■ Exercise data:

--- START ---

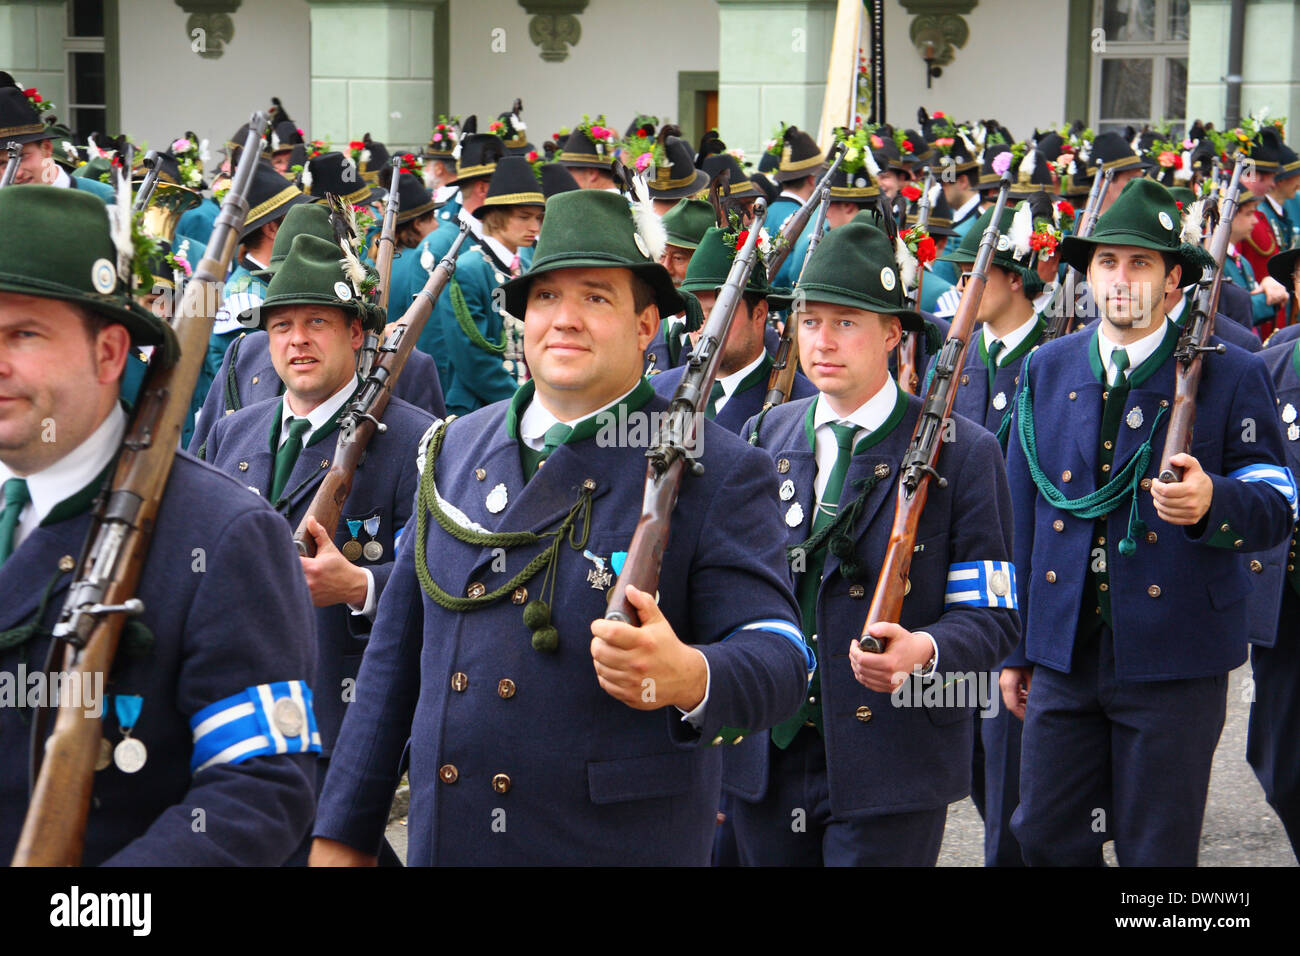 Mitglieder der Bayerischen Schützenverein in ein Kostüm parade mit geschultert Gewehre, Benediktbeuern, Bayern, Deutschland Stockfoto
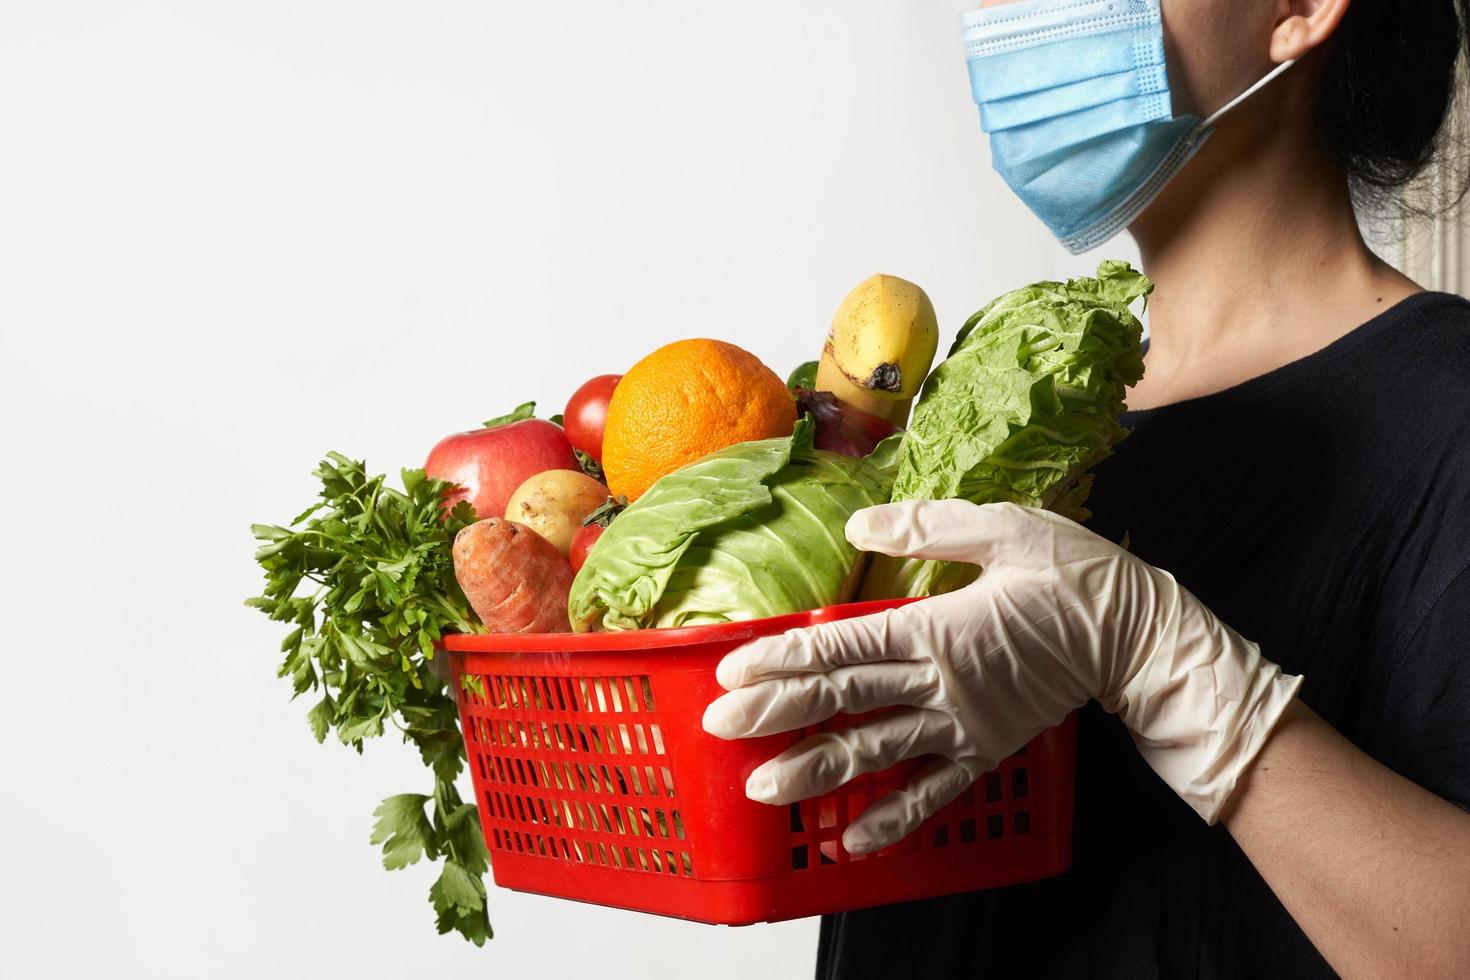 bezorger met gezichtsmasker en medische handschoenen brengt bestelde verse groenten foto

--- END ---
--- START ---

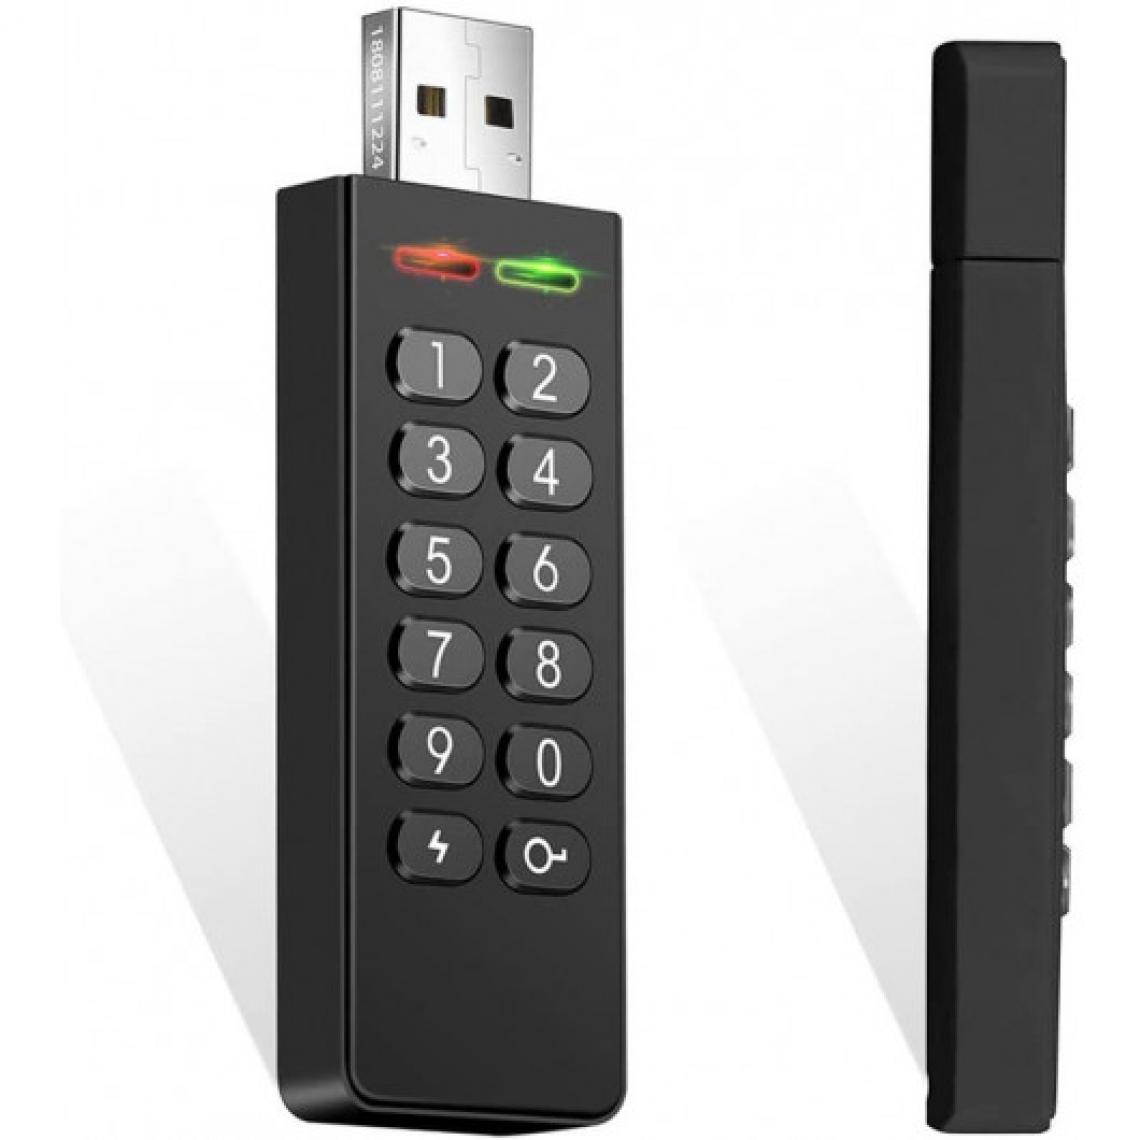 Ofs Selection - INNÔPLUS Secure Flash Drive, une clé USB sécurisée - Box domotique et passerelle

--- END ---

■ What is expected: In the data above, the stretch from the line with "Mitglieder der Bayerischen" through the line with "bezorger met gezichtsmasker" is to be returned exactly, minus any pictures.

■ Answer area:
 Mitglieder der Bayerischen Schützenverein in ein Kostüm parade mit geschultert Gewehre, Benediktbeuern, Bayern, Deutschland Stockfoto
 bezorger met gezichtsmasker en medische handschoenen brengt bestelde verse groenten foto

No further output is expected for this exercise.